Horner was elected to the Oklahoma State Senate in 1986 and served for over 18 years until 2005, when she retired due to term limits. During her time in office, she played a major role in passing legislation that created OHLAP, the Oklahoma Higher Learning Access Program, which funds scholarships to Oklahoma colleges for students from families that earn $50,000 or less in income.

Some committees Horner served on include Business and Labor (Chair), Government Operations (Chair), Adult Literacy (Vice Chair), Appropriations, Education, Tourism, Congressional Redistricting, Rules and Tourism.
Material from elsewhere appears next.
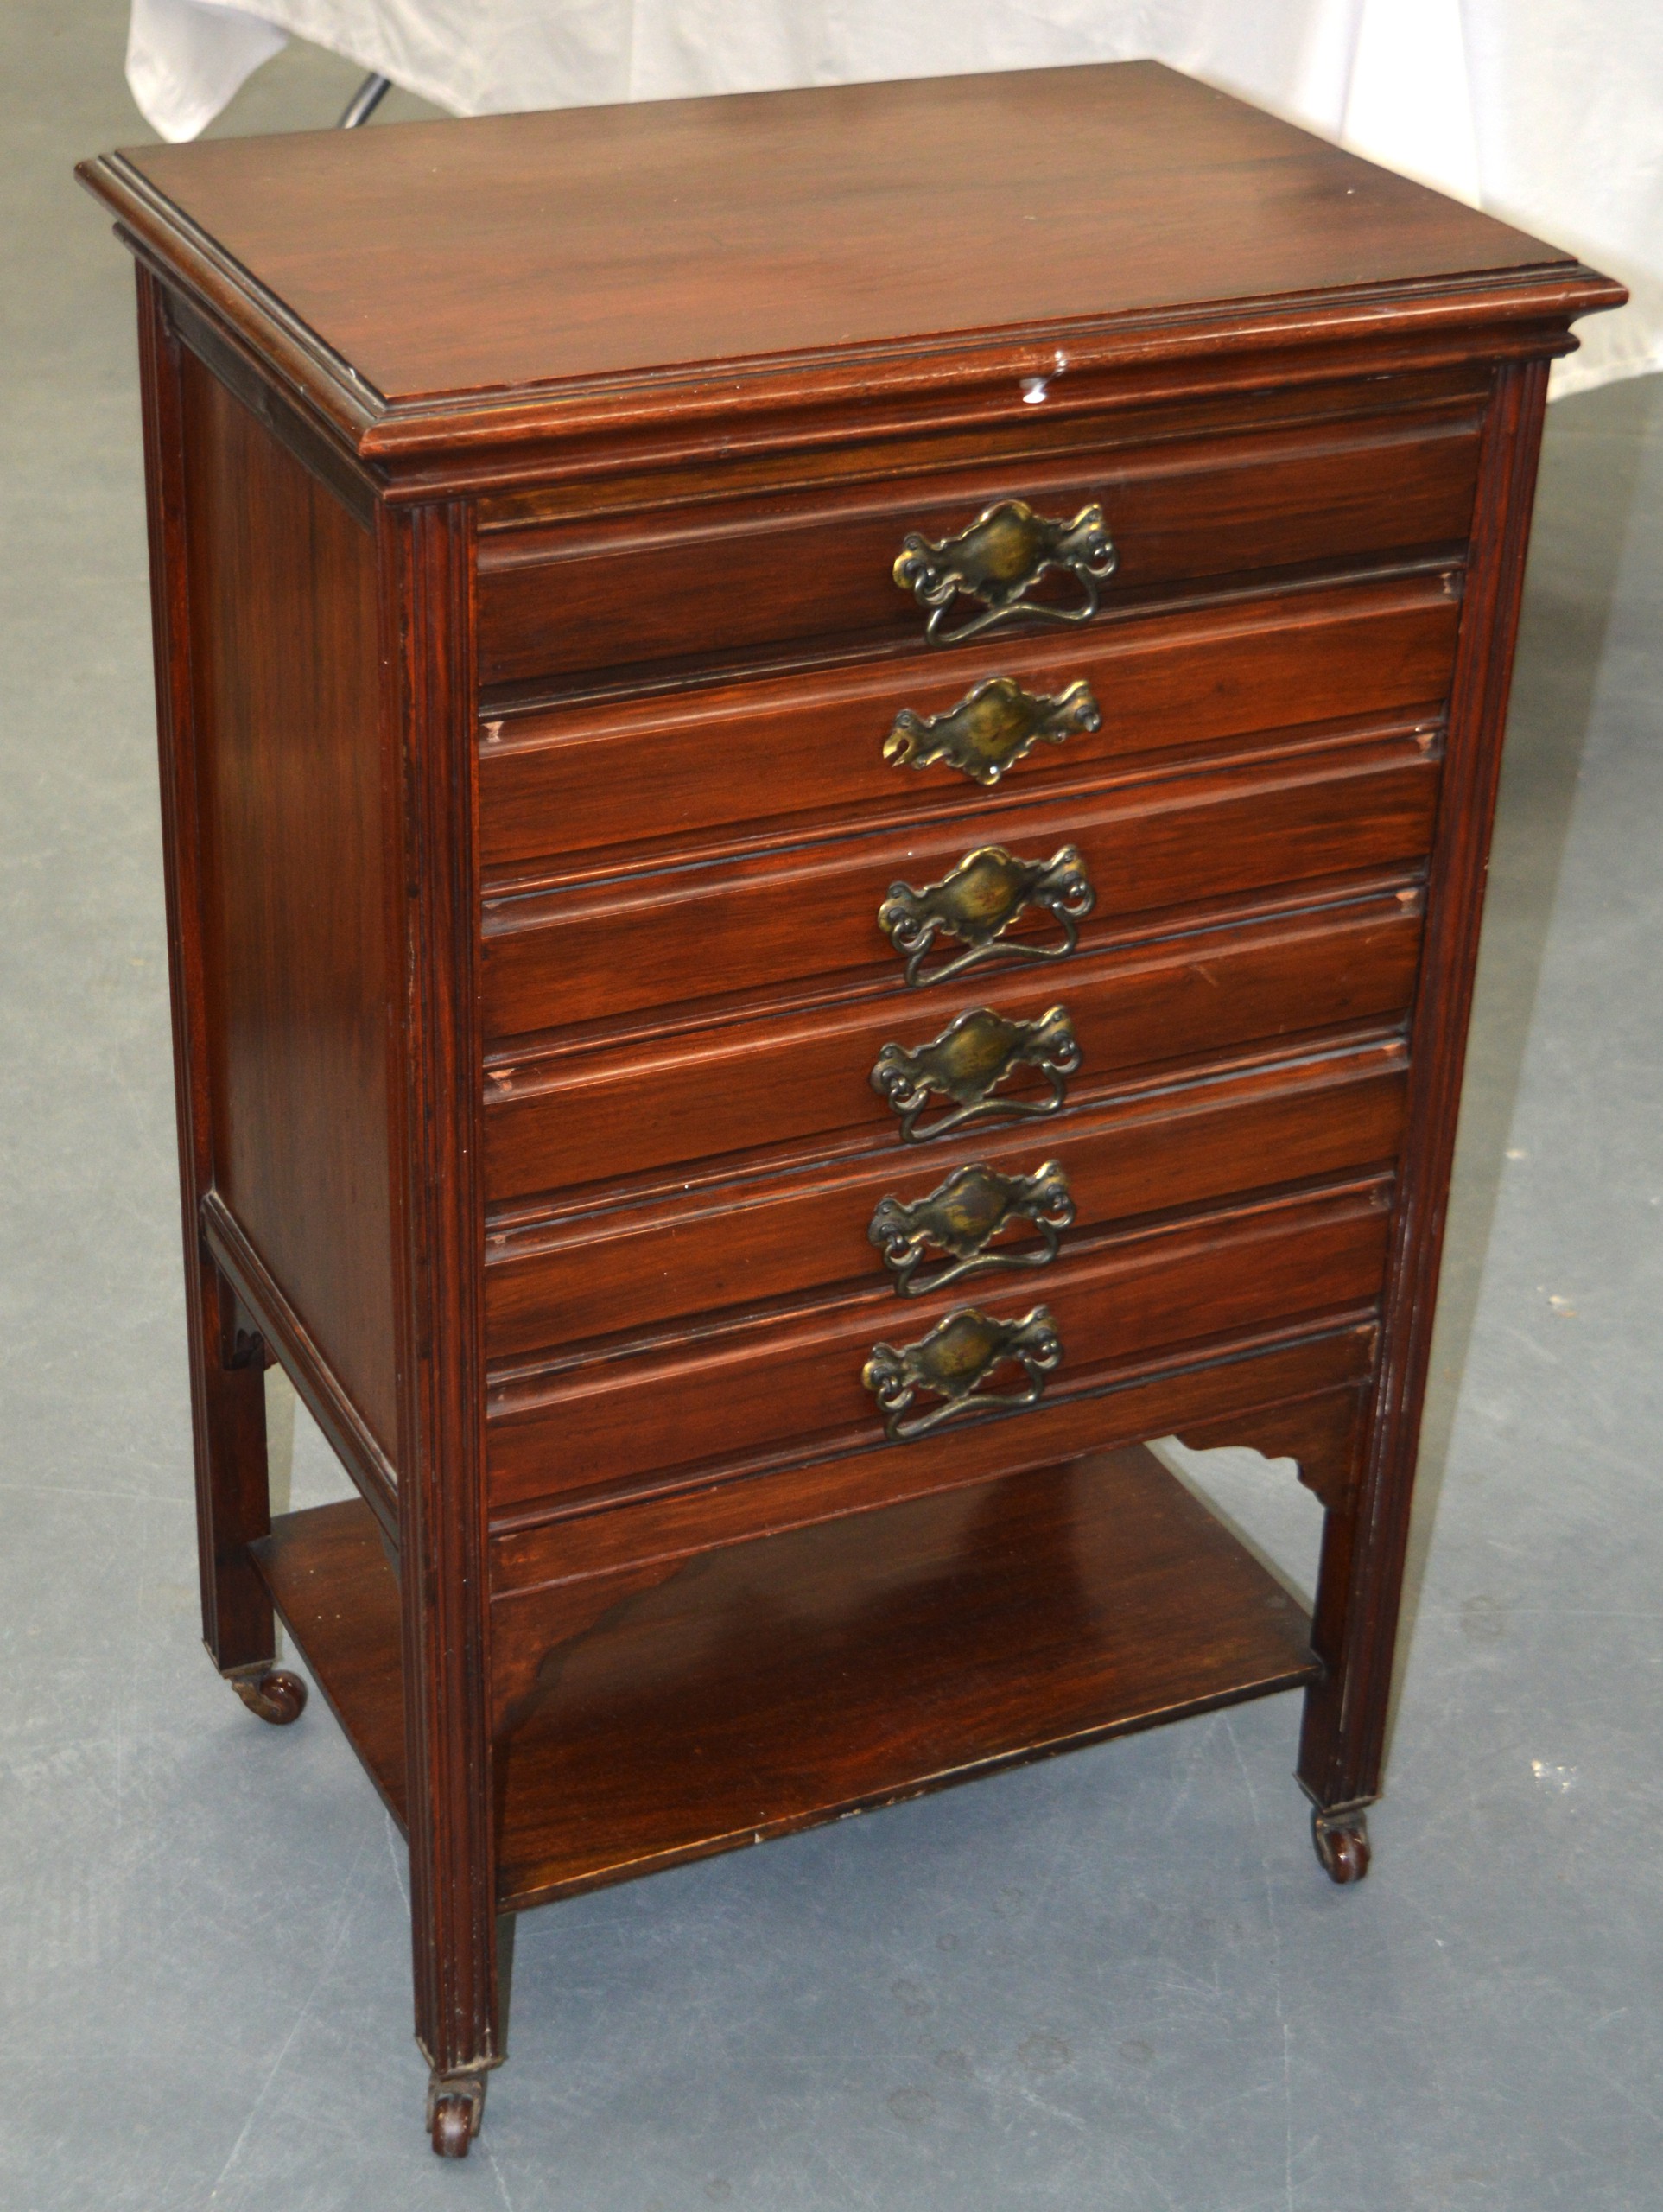 AN EDWARDIAN MAHOGANY MUSIC CABINET. 2Ft 7ins high.

Credited with legislation founding the Oklahoma Jazz Hall of Fame, she is best known for her commitment to education and the arts. Horner was inducted in the Oklahoma Women's Hall of Fame in 2007, the Oklahoma Afro-American Hall of Fame in 1999, and received the Pinnacle Award from the Tulsa Mayor's Commission on the Status of Women in 1993. She died on February 7, 2021, twenty one days after her 88th birthday.